A PROBLEM THE TURTLES and other winter water dwellers face that is closely related to food or energy supply, is oxygen supply. All turtles breathe air with lungs, but many species spend the entire winter without the opportunity to take a single breath of air, since they remain locked in under the ice. I have on rare occasions seen a turtle rowing along in slow motion just under the clear ice of an early October or November freeze-up. The turtles’ longest dives of the year are then just beginning, or may have already been in progress for a month. The duration of a turtle’s dive is determined by its ability to get oxygen from the environment and by its ability to accumulate an oxygen debt in its tissues. For dives of a winter duration in an air breather, that precludes engaging in vigorous, or almost any exercise, which snappers manage nicely.

The first sheet of clear transparent ice that covers the pond still allows sunlight to penetrate to the pond plants, and their photosynthesis still produces oxygen at low rates. The oxygen they give off dissolves in the water and is sealed in. As snow later covers the ice, less light penetrates to power the plants and their vegetative portions die. Now they start to rot, and to remove oxygen from the water.

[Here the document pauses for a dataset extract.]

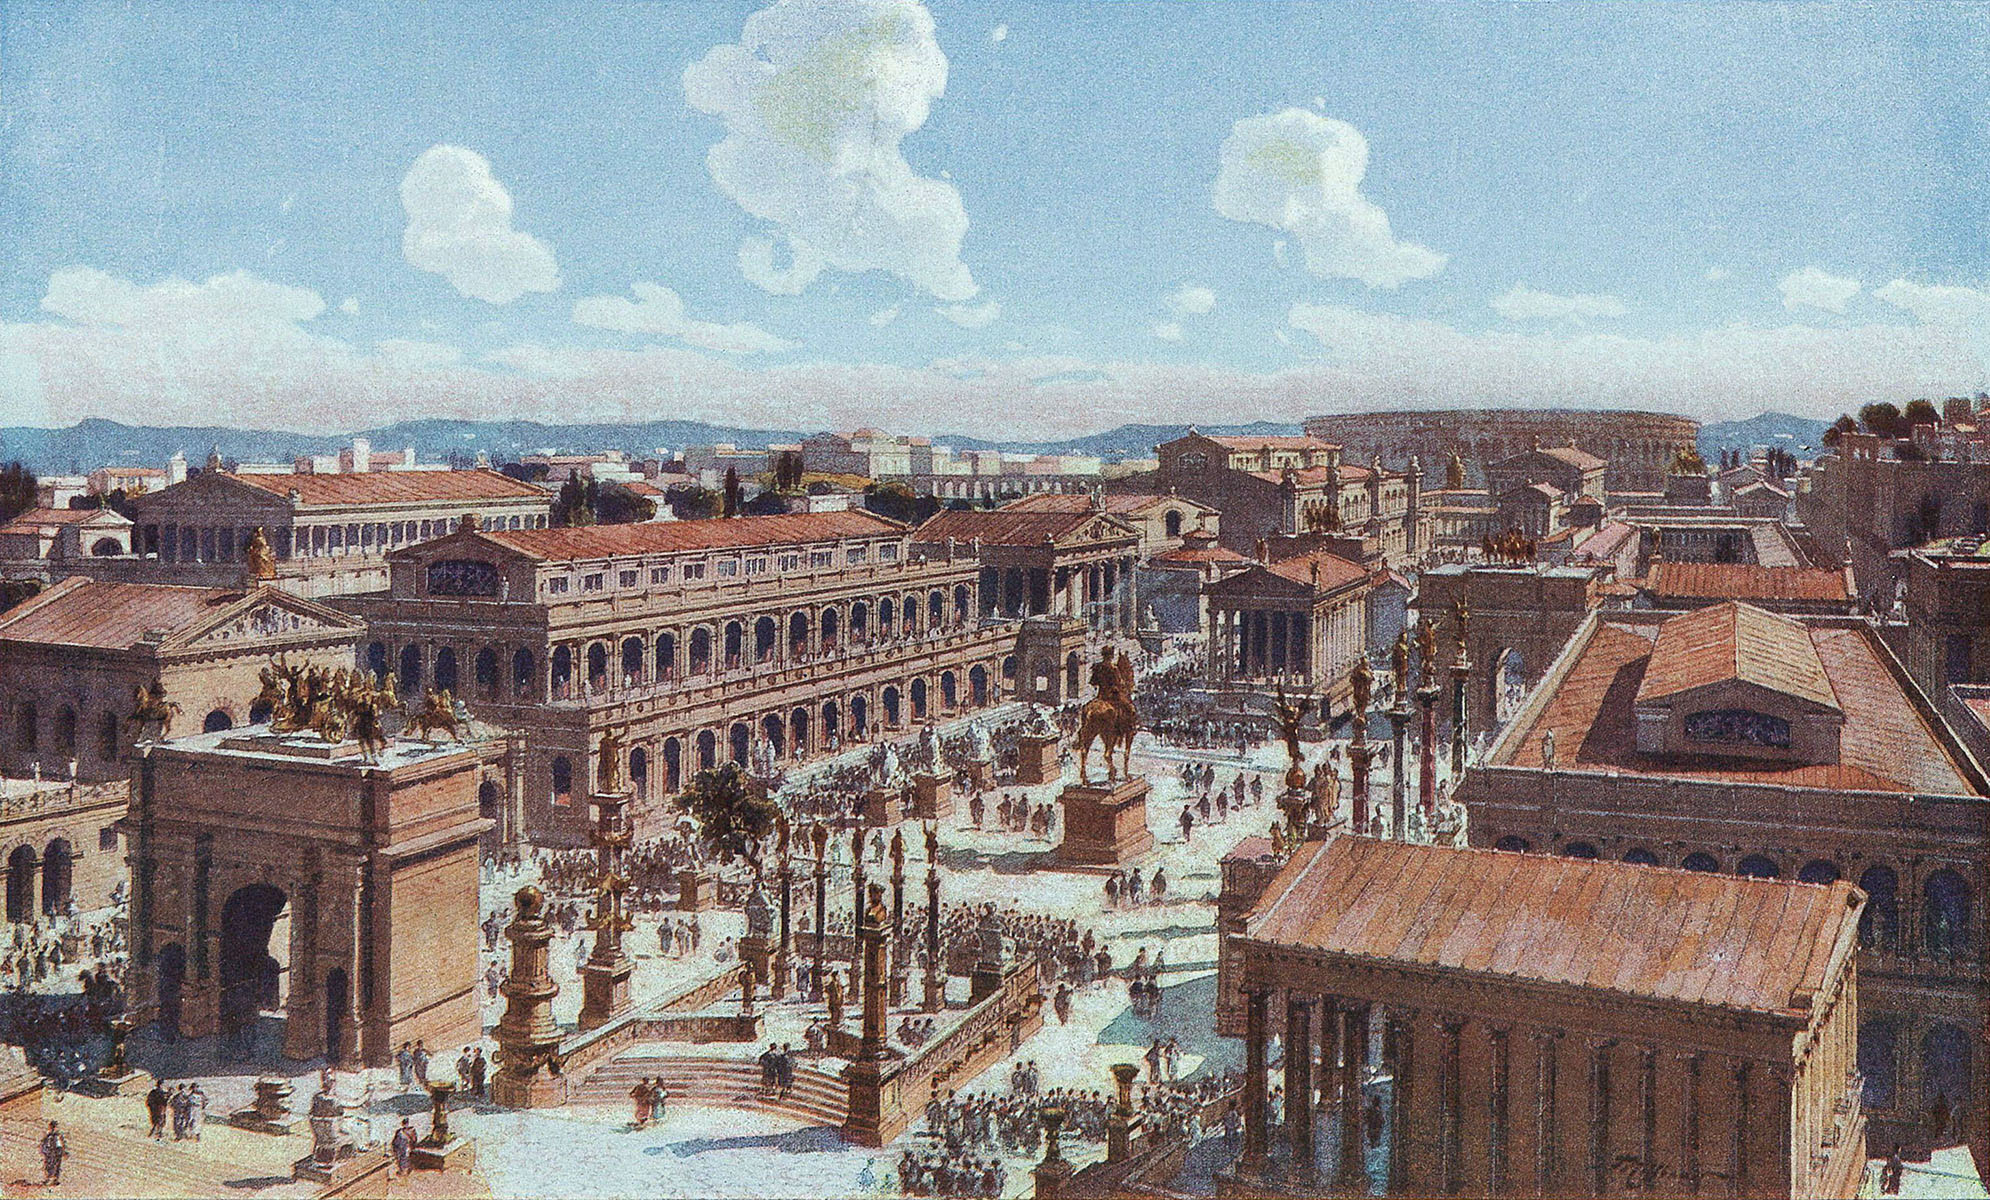 Древние времена до нашей эры. Рим город в древности. Древний Рим Империя 1в н.э.. Римская Империя город Рим. Империя античный Рим.

Low water-temperature is an advantage to many organisms, because cold water absorbs and retains more oxygen than warm water. Most of the active water animals have gills to take in that oxygen. The aquatic insect larvae have them—dragonflies, damselflies, caddisflies, stoneflies, mayflies—as do the overwintering tadpoles of green frogs, bullfrogs, and some others. However, none of the few adult insects living underwater have gills, even those which are fully aquatic. That’s probably because the adults have only secondarily invaded the water, and their air-breathing mechanisms have continued with special adjustments added for life in the water. As adults, they were evolutionarily locked in to air-breathing.

Diving beetle adults and aquatic bugs carry air down with them. The predacious diving beetle Dytiscus, which captures tadpoles and small fish (and one of whose larvae killed my snapping turtle), carries a bubble of air hidden under its wing covers that it may expose to the water so that oxygen can diffuse in. Some other beetles, Hydrophilidae, and the back-swimming bug Notonecta, have their ventral body surface covered with a thin film of air (called a plastron) that shines silvery in the water. Like the Dytiscid’s air bubble, this air layer is connected to their air-using tracheal system, and oxygen used up from the air film attached to their bodies is replaced by oxygen from the water passively following the concentration gradient. As a result they can stay active even as ice covers the water.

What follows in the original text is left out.